• Provided material:
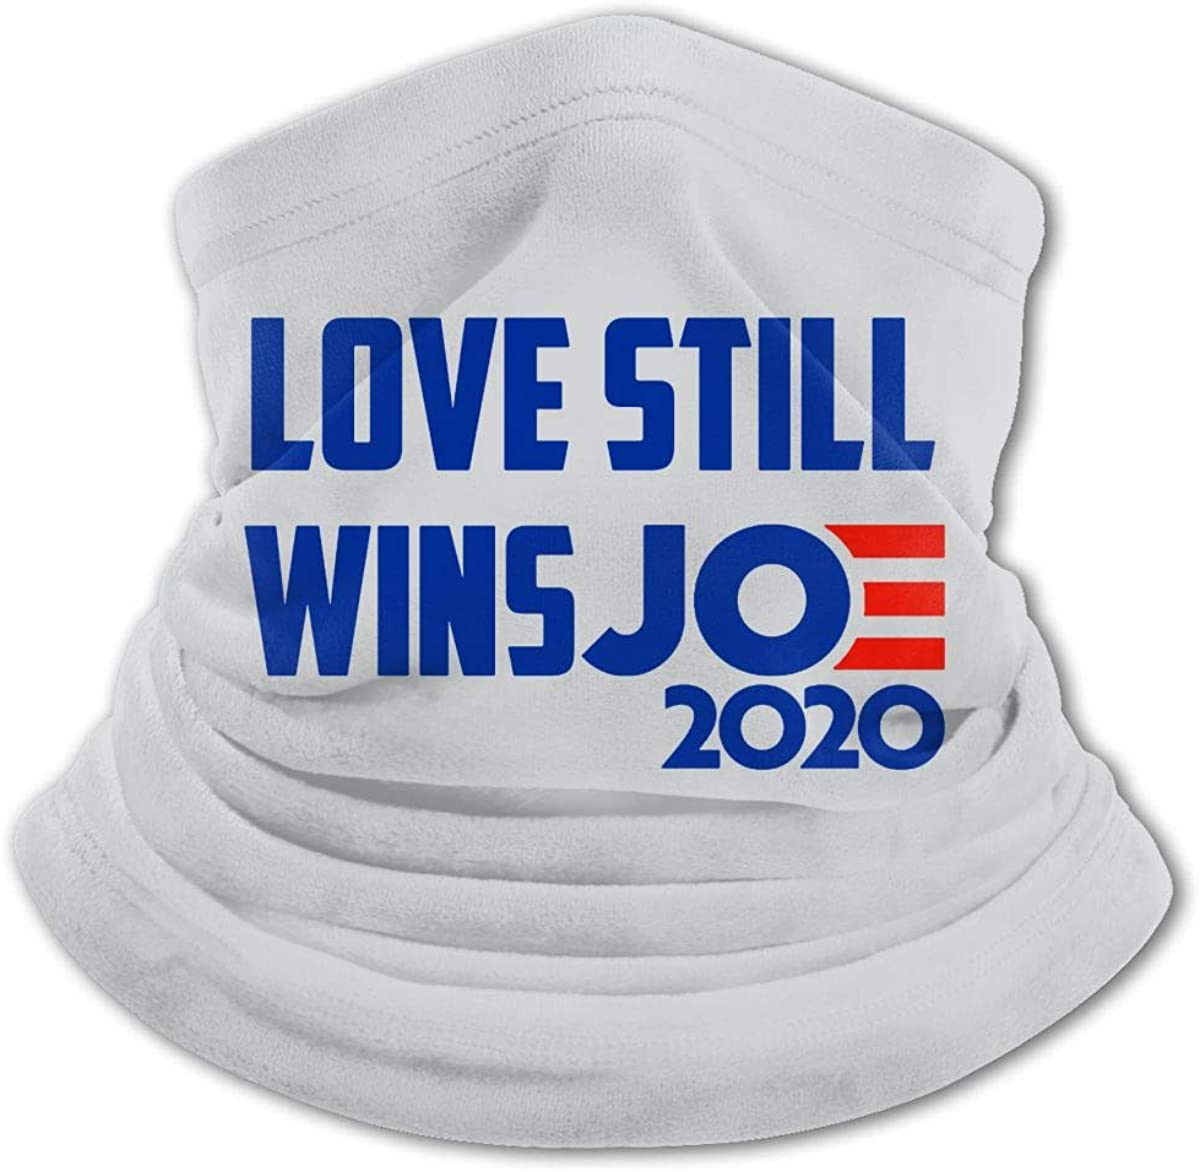 Love Still Wins Joe 2020 Youth Face Mask Bandanas Neck Gaiter Headband Boy Girl Scarf Balaclava For Cycling Hiking Outdoor
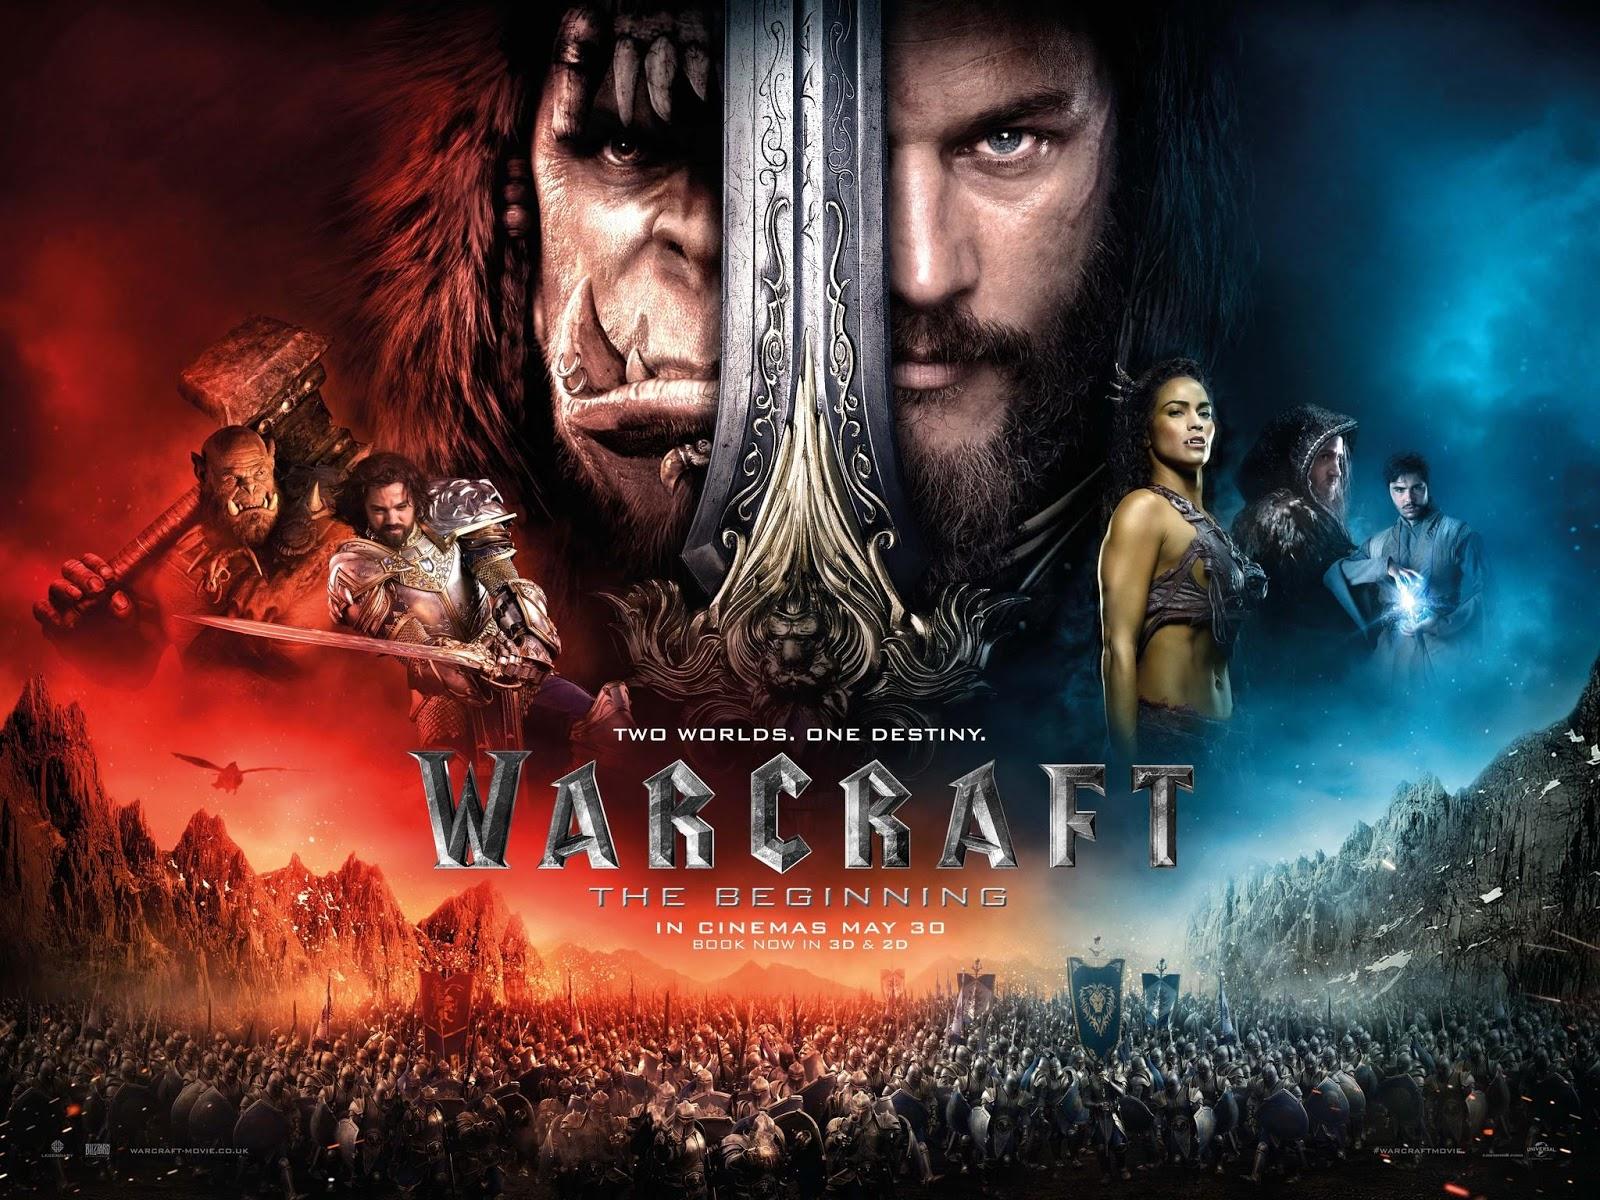 Warcraft Bud Daily Box fice Results
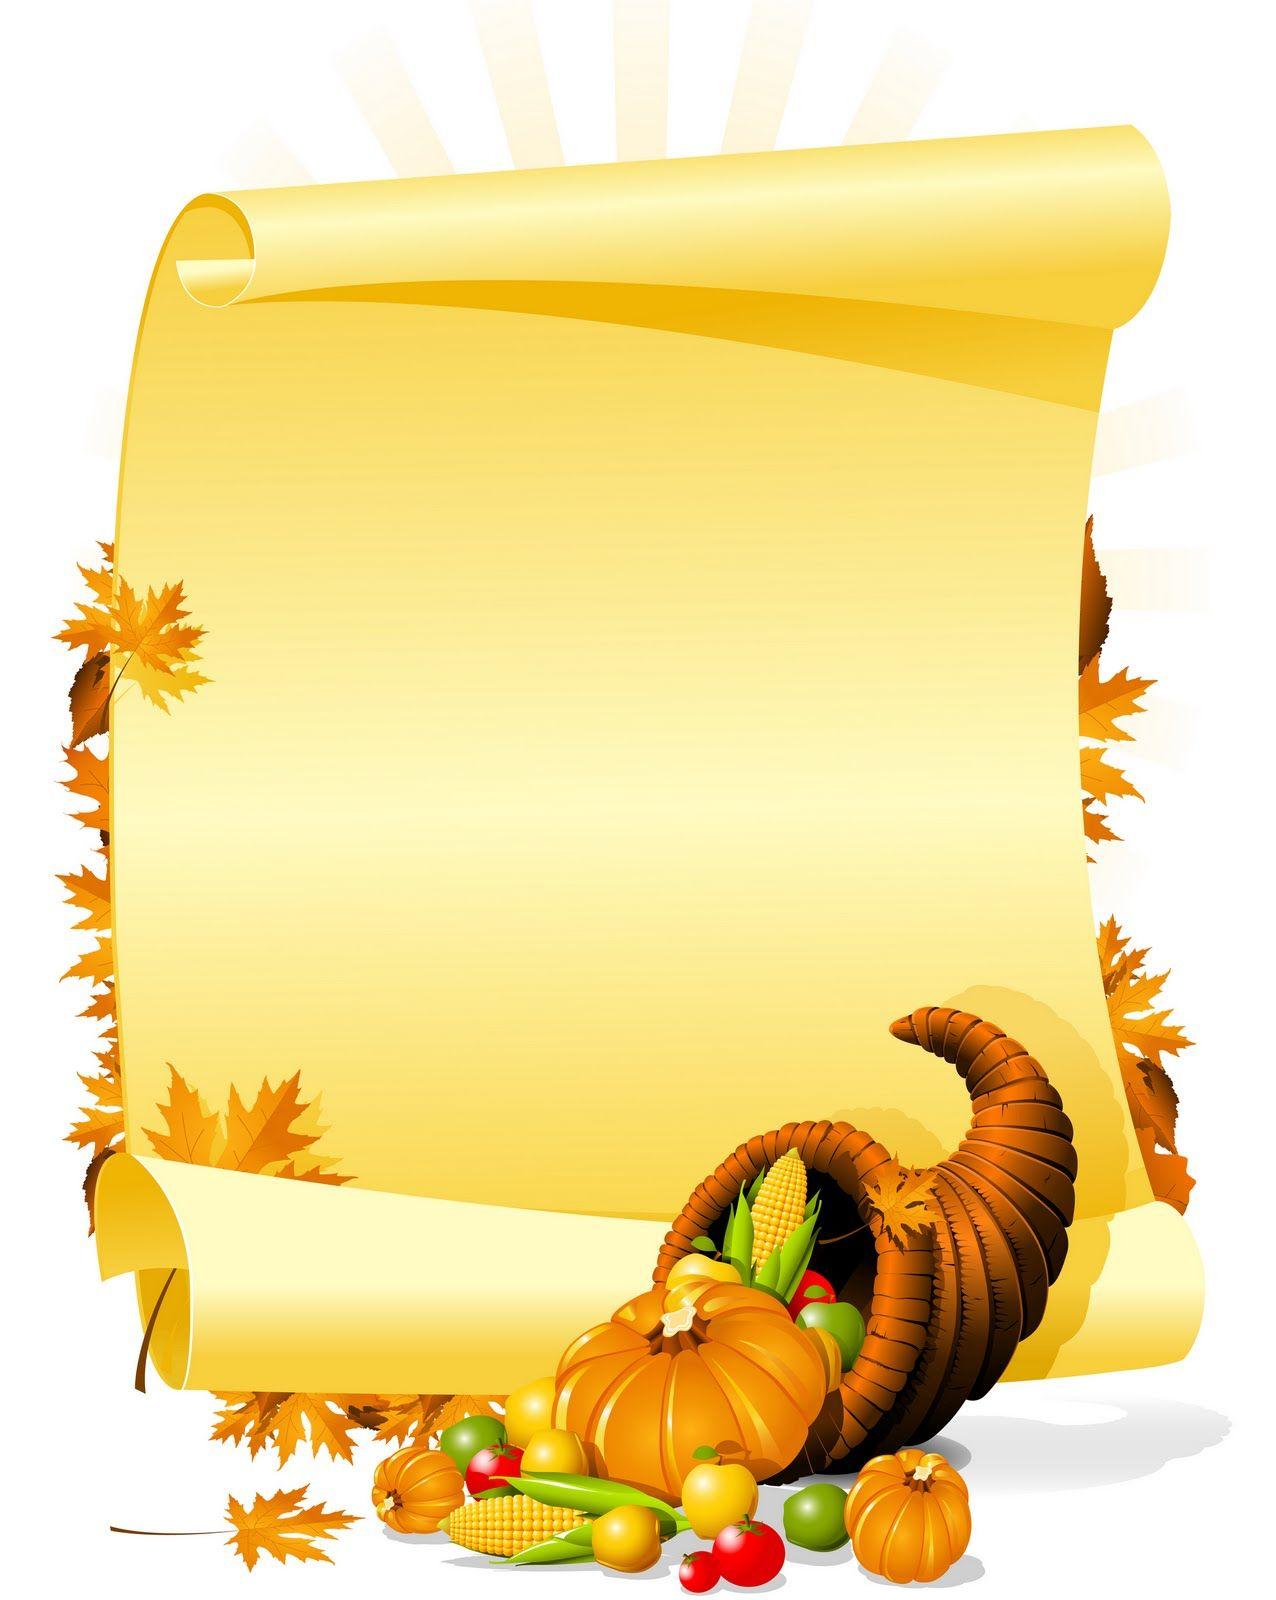 Blog Archive Happy Thanksgiving Thanksgiving Clip Art Free Thanksgiving Wallpaper Turkey Clip Art

• Work to complete: Only text belongs in the copy: repeat each line of the data exactly and leave out the pictures.

• Solution below:
 Love Still Wins Joe 2020 Youth Face Mask Bandanas Neck Gaiter Headband Boy Girl Scarf Balaclava For Cycling Hiking Outdoor
 Warcraft Bud Daily Box fice Results
 Blog Archive Happy Thanksgiving Thanksgiving Clip Art Free Thanksgiving Wallpaper Turkey Clip Art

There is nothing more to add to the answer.